[Task requirements] All of the data below should be repeated exactly. Pictures should not be included.

[Provided material]
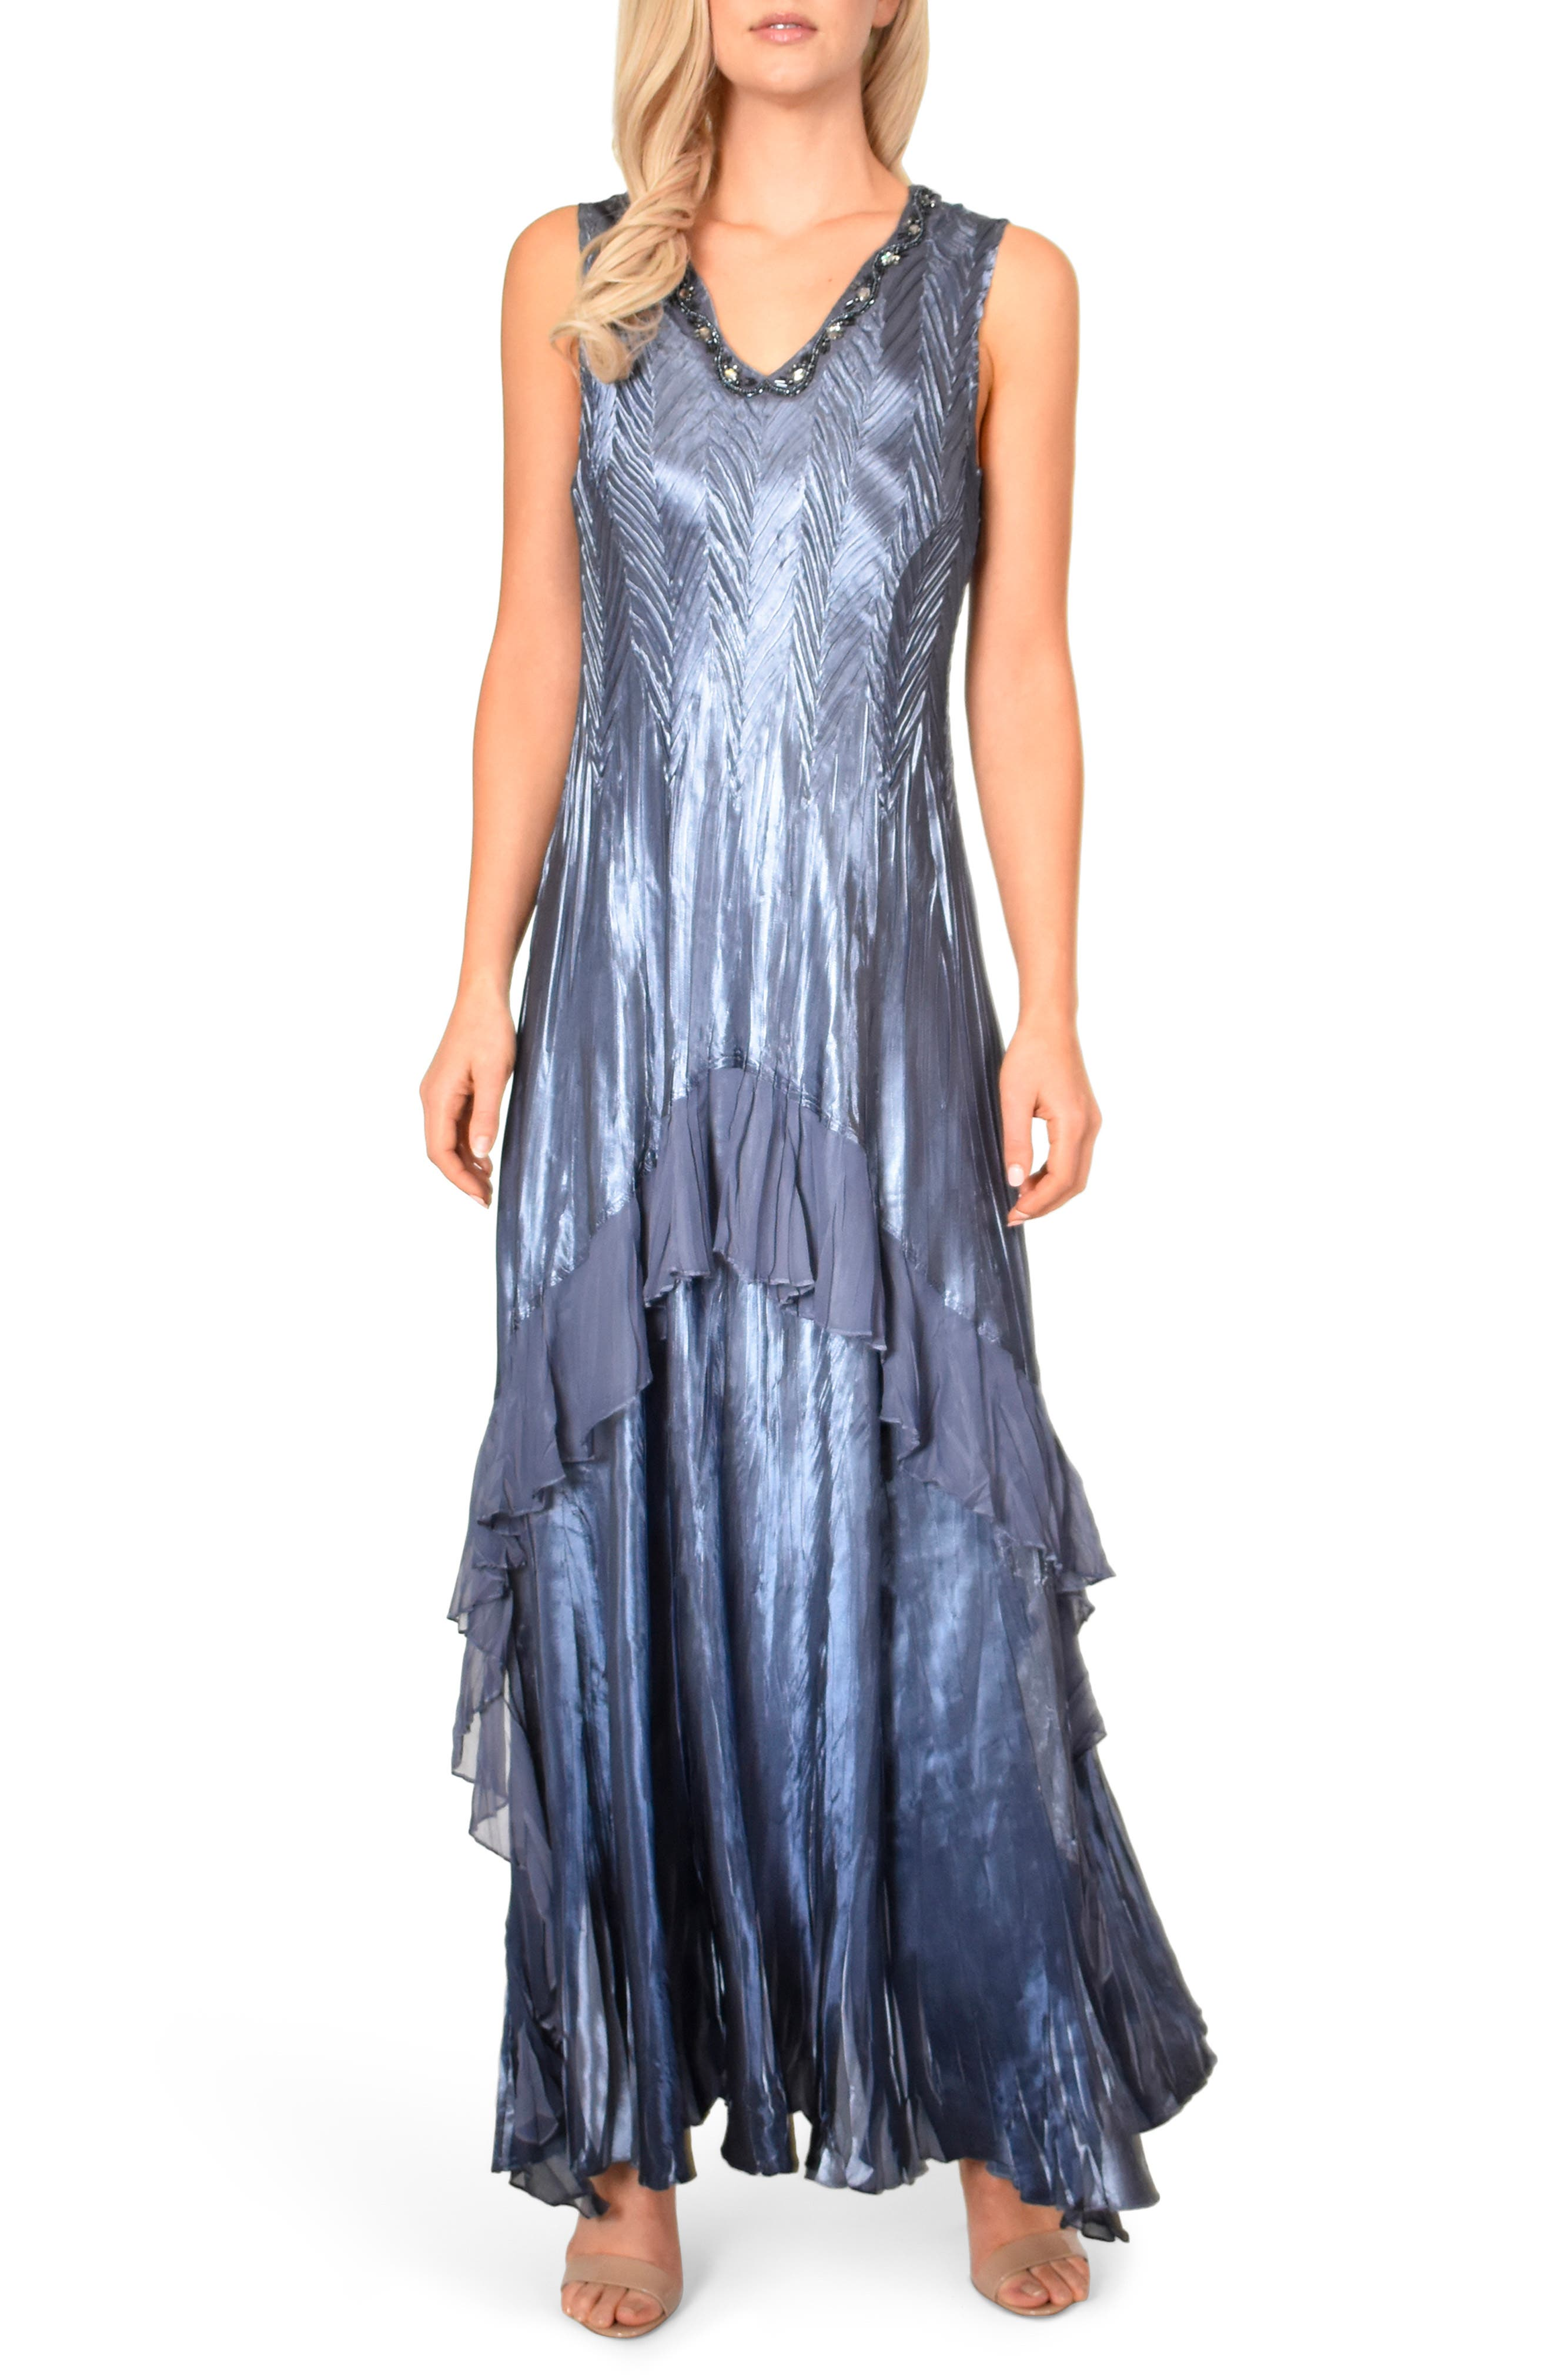 KOMAROV, Beaded V-Neck Charmeuse & Chiffon Evening Dress with Wrap, Alternate thumbnail 5, color, PURPLE SAGE BLUE OMBRE
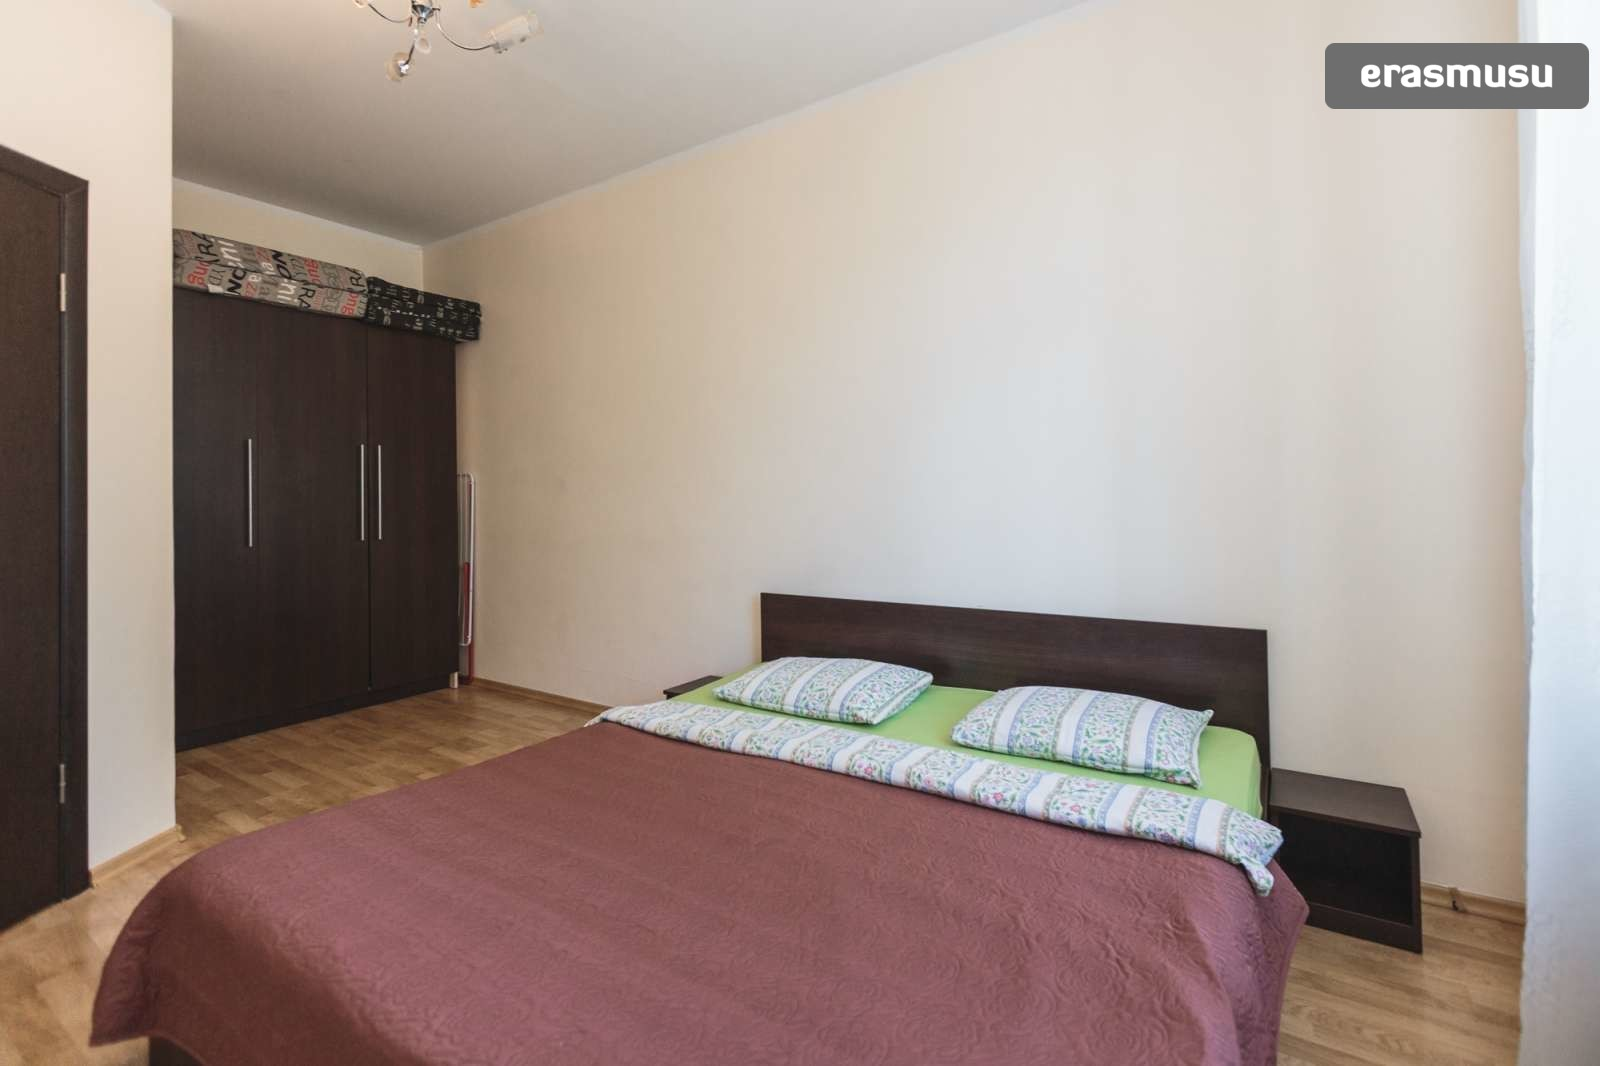 1-bedroom-apartment-rent-maskavas-forstate-c342749c42b95e6744f9c
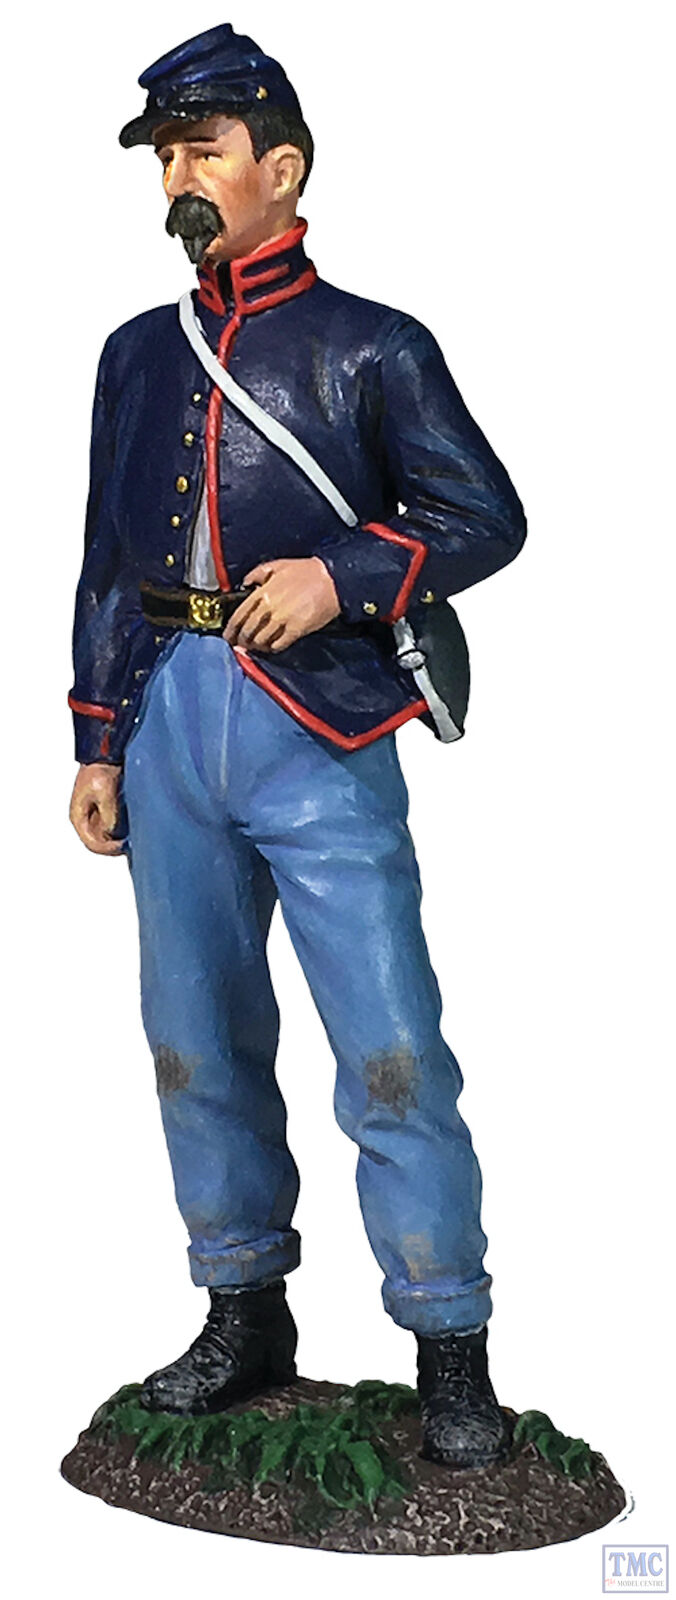 B31283 W.Britain Federal Artilleryman Standing with Hand on Belt

[Answer space]
 KOMAROV, Beaded V-Neck Charmeuse & Chiffon Evening Dress with Wrap, Alternate thumbnail 5, color, PURPLE SAGE BLUE OMBRE
 1-bedroom-apartment-rent-maskavas-forstate-c342749c42b95e6744f9c
 B31283 W.Britain Federal Artilleryman Standing with Hand on Belt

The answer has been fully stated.